Graham Smith

Personal information
- Full name: John Graham David Smith
- Born: 21 August 1950 Stockton-on-Tees, County Durham, England
- Died: 12 October 2012 (aged 62)
- Batting: Right-handed
- Bowling: Left-arm medium

Domestic team information
- 1982–1983: Durham

Career statistics
| Competition | List A |
| Matches | 1 |
| Runs scored | 3 |
| Batting average | 3.00 |
| 100s/50s | –/– |
| Top score | 3 |
| Balls bowled | 72 |
| Wickets | 1 |
| Bowling average | 61.00 |
| 5 wickets in innings | – |
| 10 wickets in match | – |
| Best bowling | 1/61 |
| Catches/stumpings | 1/– |
- Source: Cricinfo, 7 August 2011

= Graham Smith (Durham cricketer) =

English cricketer

John Graham David Smith (21 August 1950 – 12 October 2012) was an English cricketer. Smith was a right-handed batsman who bowled left-arm medium pace. He was born in Stockton-on-Tees, County Durham.

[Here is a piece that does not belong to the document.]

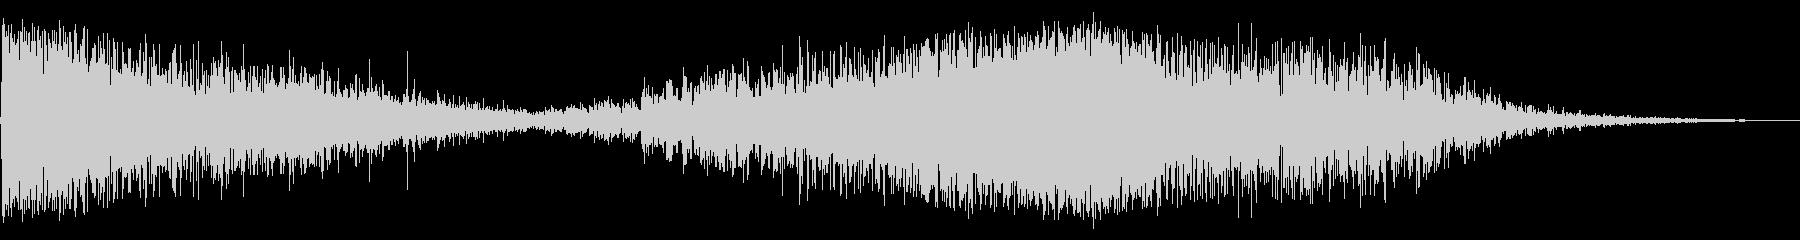 ホローグリッティインパクトアンドランブルの未再生の波形

Smith made his debut for Durham against Northumberland in 1982 MCCA Knockout Trophy. He played Minor counties cricket for Durham in 1982 and 1983, making 6 Minor Counties Championship appearances. He made his only List A appearance against Surrey in the 1982 NatWest Trophy. He scored 3 runs in the match, before being dismissed by Kevin Mackintosh. Graham Smith died of cancer on Friday 12 October 2012.